Although training is the cornerstone of football players’ performance, nutrition is also important. An adequate nutrition plan will play a principal role in enabling athletes to handle training loads, to easily keep up with changes in their training schedule and to improve performance on match days. In relation to nutrition, dietary supplements—understood as the extra nutrient intake or food consumption in a daily diet with the aim of improving performance or health— has grown in importance in recent years. In regard to football, it is estimated that more than 90% of athletes take dietary supplements, the most usual ones being sports drinks and vitamins.1 On the other hand, a research done during the 2002 and 2006 World Cups has shown that the estimated prevalence was 43%, probably because sports drinks are not considered supplements.2
Nevertheless, there is considerable controversy over which dietary supplements have been scientifically proven to be useful or not, and in some cases, they have more of a marketing stunt than science. For instance, the Australian Institute of Sport has made a list classifying supplements according to the scientific evidence that proves they are useful and safe for consumption.3 Some of them were classified into category A, in which there are supplements approved by scientific research. Others were classified into category B, in which there are supplements that may have benefits but have not been investigated yet, whereas others were classified into category C, in which there are supplements that do not have any benefits or there is not enough evidence to say so. Finally, those supplements that are not recommended and may be banned or pose a big risk of contamination were classified into category D. As it can be observed in Figure 1, there are few supplements having significant scientific evidence in order to support their daily use.

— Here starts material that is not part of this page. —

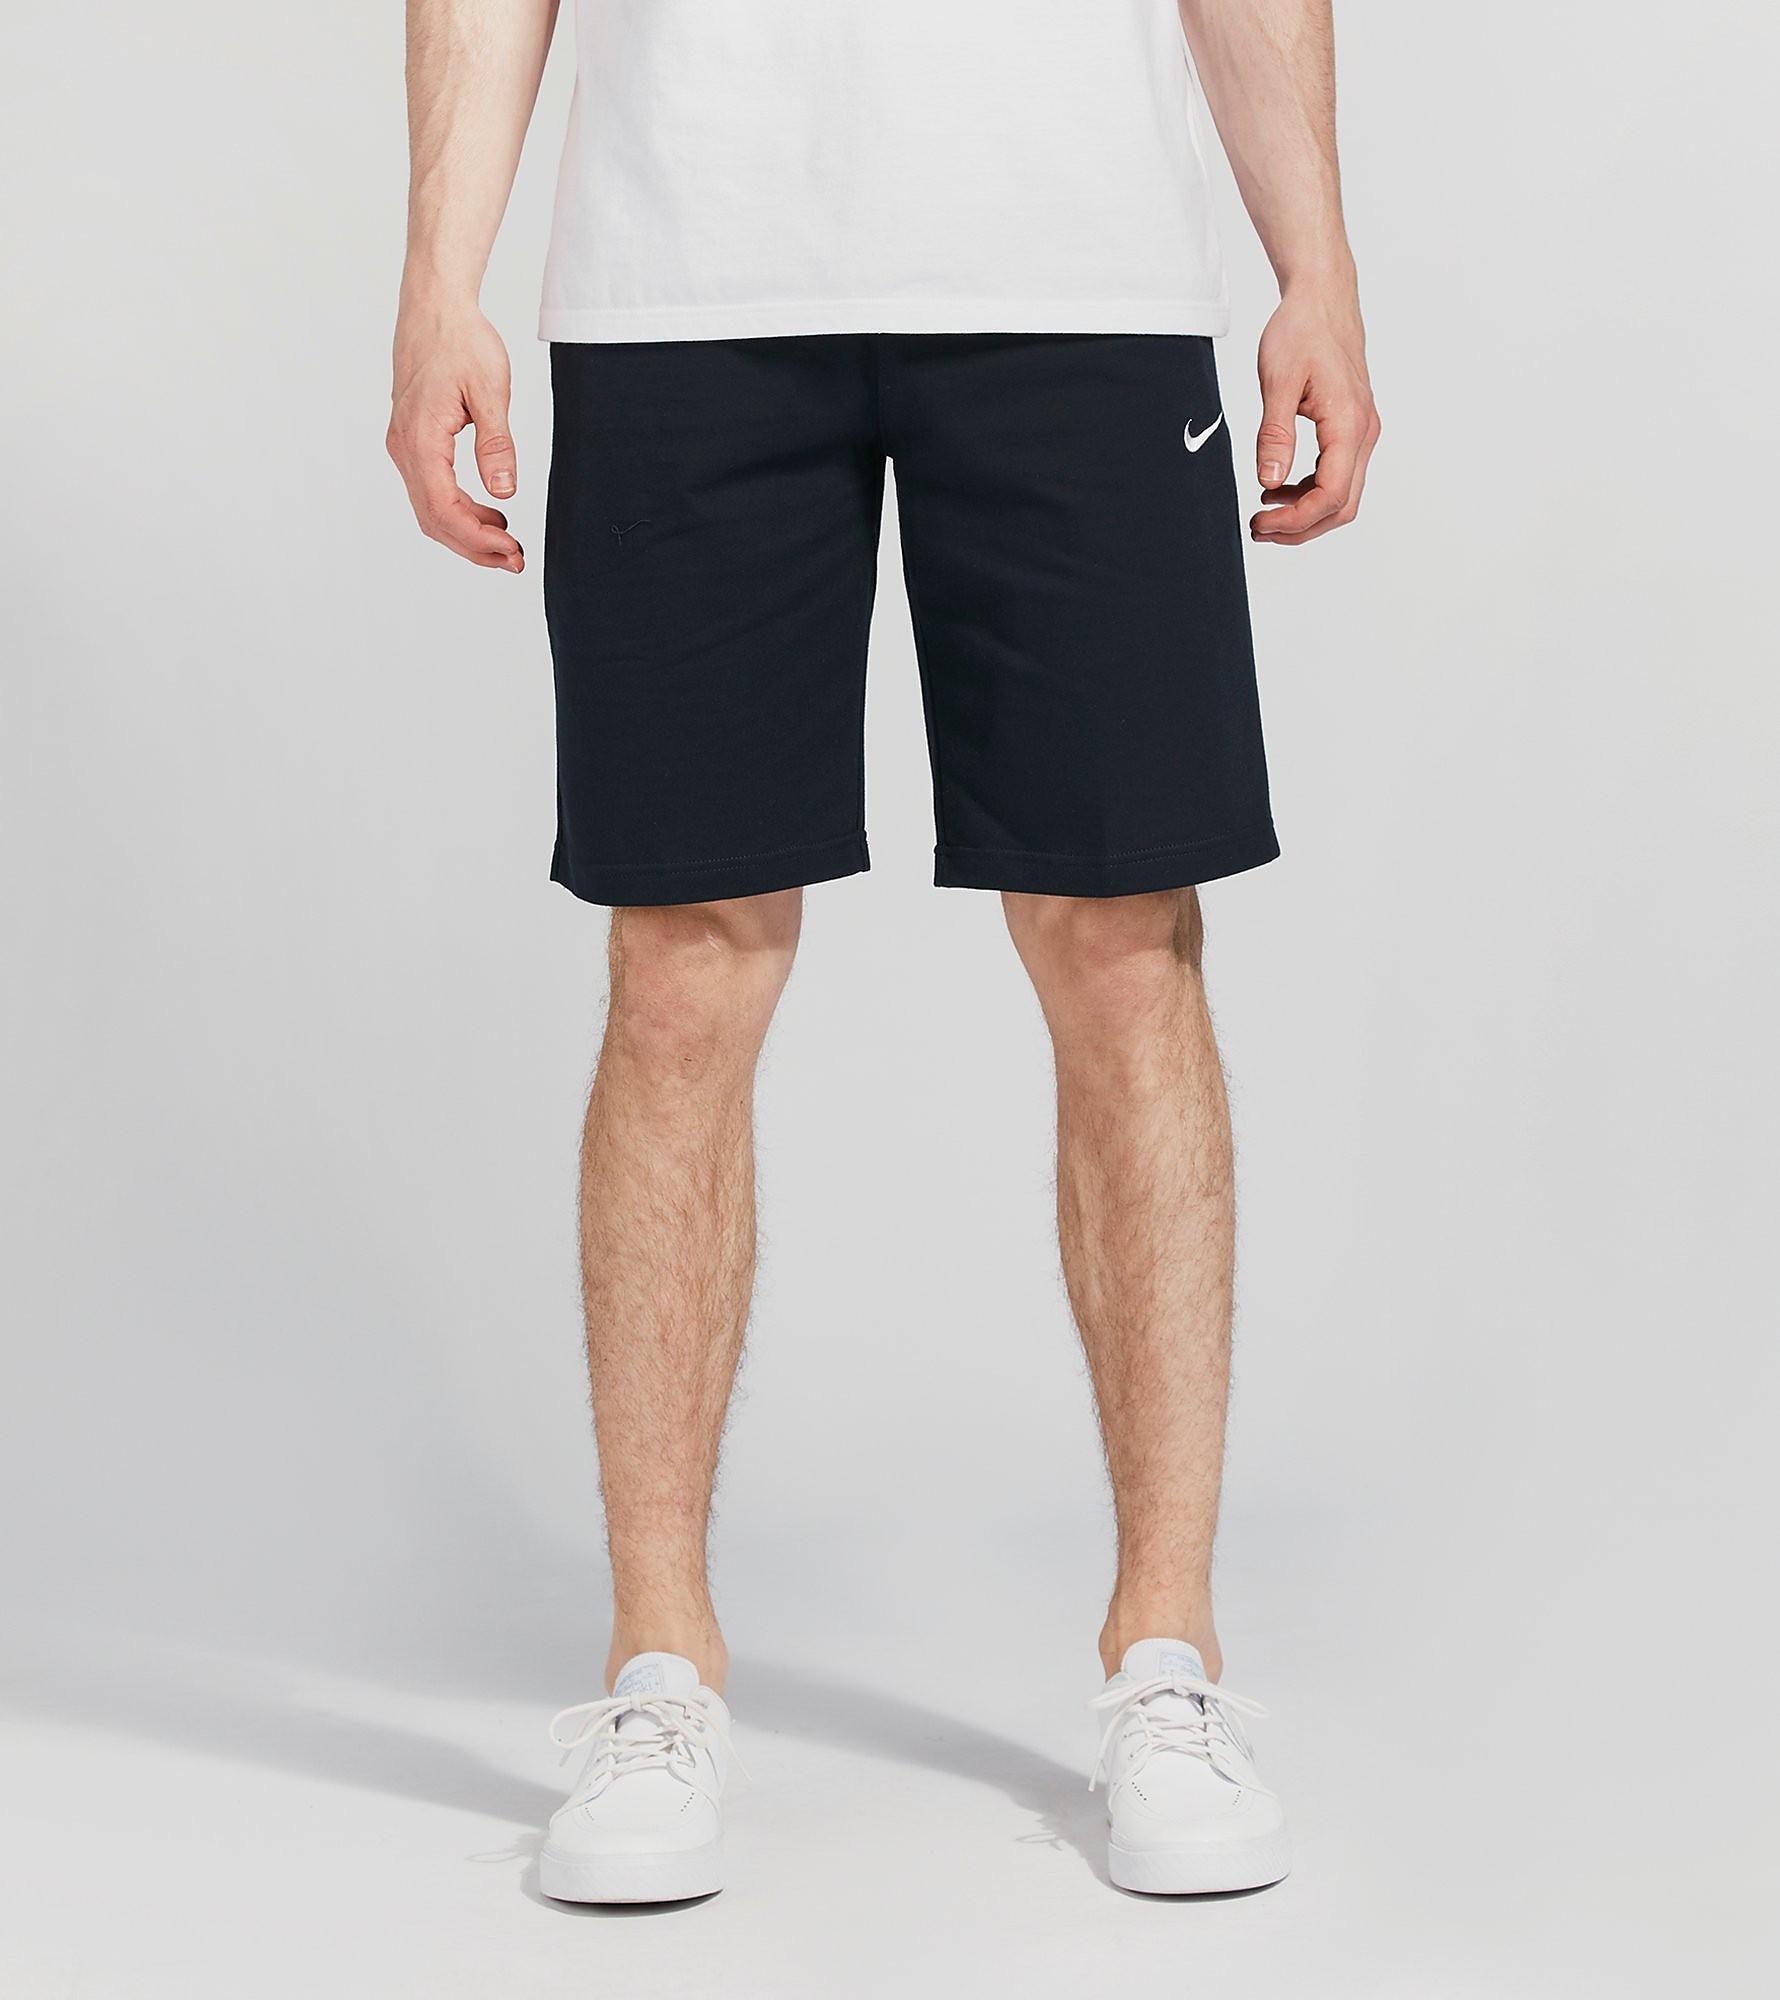 Nike Blue Label Fleece Shorts

In addition, there is even less scientific evidence for some supplements within elite football. In this context, the UEFA’s panel of experts (in which the responsible for the nutrition department at FC Barcelona, Dr Antonia Lizarraga, together with other coaches, scientists, doctors, nutritionists and professionals in sports have taken part), they’ve developed a consensus published in the prestigious British Journal of Sport Medicine stating that some supplements may have more substantial evidence supporting its use for football players.4
As the authors suggest, athletes should prioritise food over supplements which are taken with the only aim of accomplishing specific objectives regarding health or performance. In this sense, there are some supplements that can be recommended in certain occasions and that have the scientific evidence confirming its use, which is also summarised by the International Olympic Committee consensus on this topic (see Table 1 for a summary of the dietary supplements that can be advisable to take for football players in case they are not capable of meeting the requirements when following a daily diet).5 For example, in some occasions, football players can have certain micronutrient deficiencies such as vitamin D, calcium and iron. In these situations, supplementing with these micronutrients which are safe for health can be convenient—unless doses are administered chronically or in great amounts, as is the case with Iron6—although it is ideal to using a renowned and reliable brand and receiving therapeutic doses during the shortest possible period of time.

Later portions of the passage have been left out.